What I would like to know is how being at home all day with Yogi feels...what, if any, plans you have to return to "work" (as opposed to the *work* of staying home with a child) are, and, most especially, how these changes have affected your view of yourself. We are such a career/job-obsessed society that identity and employment often seem inseparable. I ask because in my heart of hearts I think I might want to do the same and am wondering what expected and unexpected changes it entails...
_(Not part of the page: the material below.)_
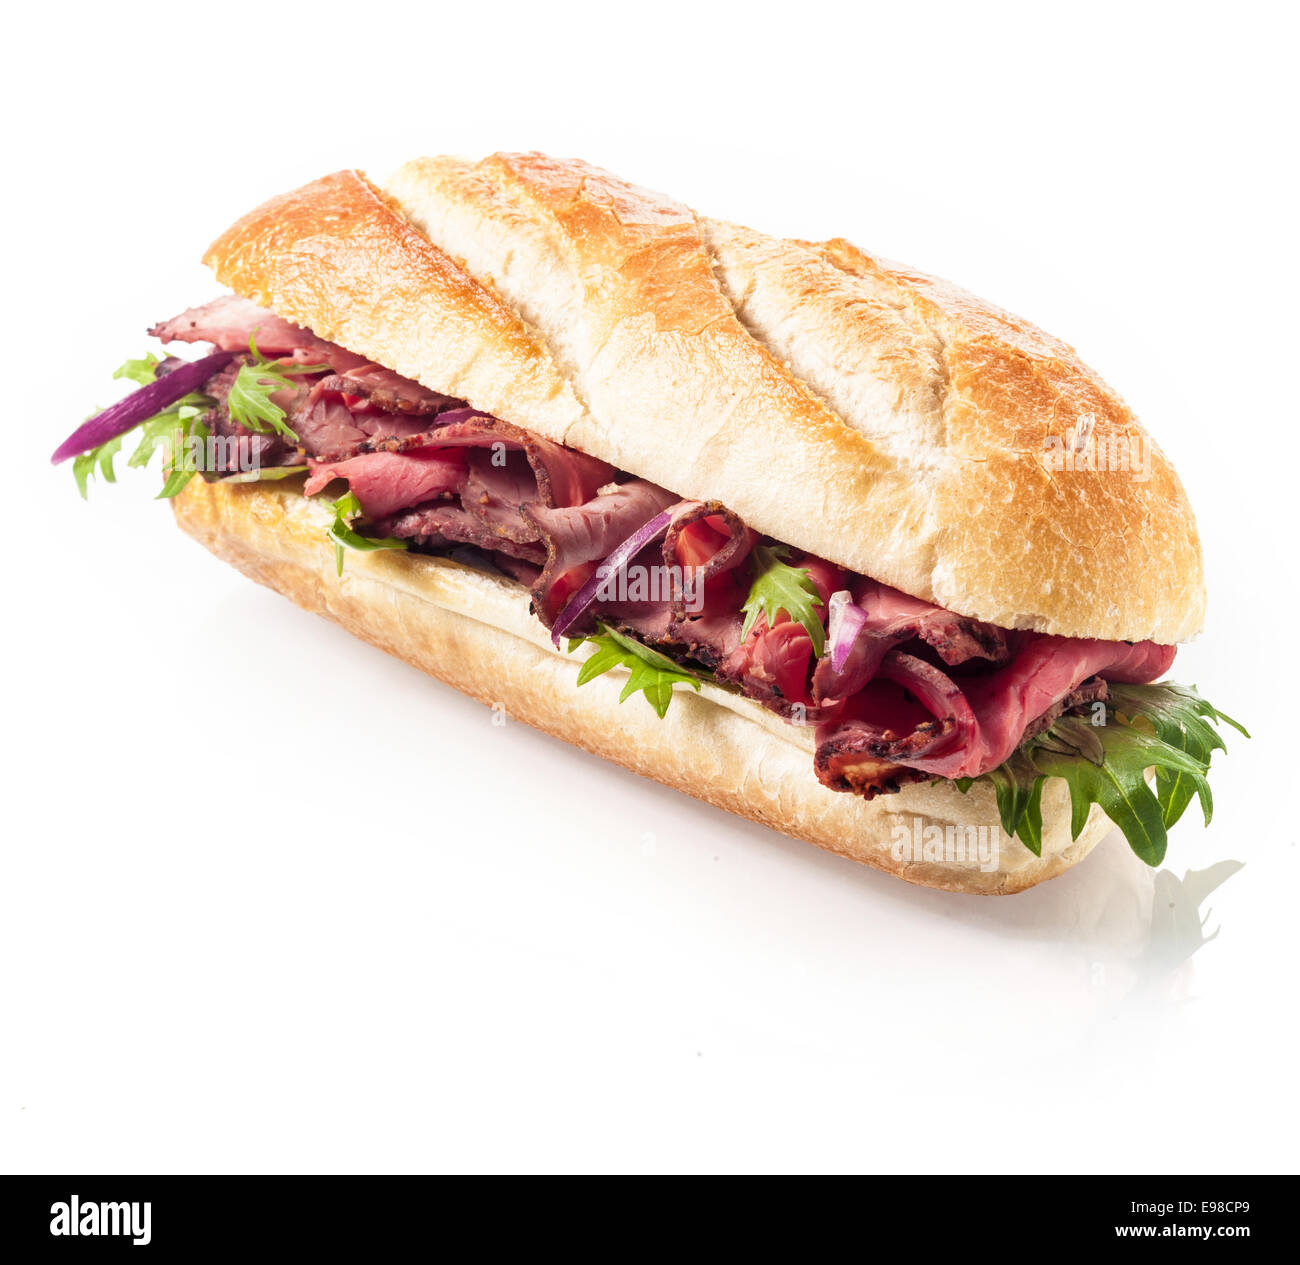 Healthy lean roast beef with leaves of fresh rocket on a freshly baked crusty roll or baguette viewed at an angle on a white background Stock Photo

I've been off the grid this week (finishing an eighty-one page chapter draft, which I turned it yesterday!), but I saw this and wanted to respond. I love that you're writing, and I love that you're doing it with an educational background outside of the Creative Writing culture. I have several friends who are a part of that scene (MFAs and CW PhDs), and who are exceptional writers, so I would never want to speak ill of it. But sometimes I think that the prominence of that world in the U.S. right now makes it difficult for American writers with different life/educational experiences to participate.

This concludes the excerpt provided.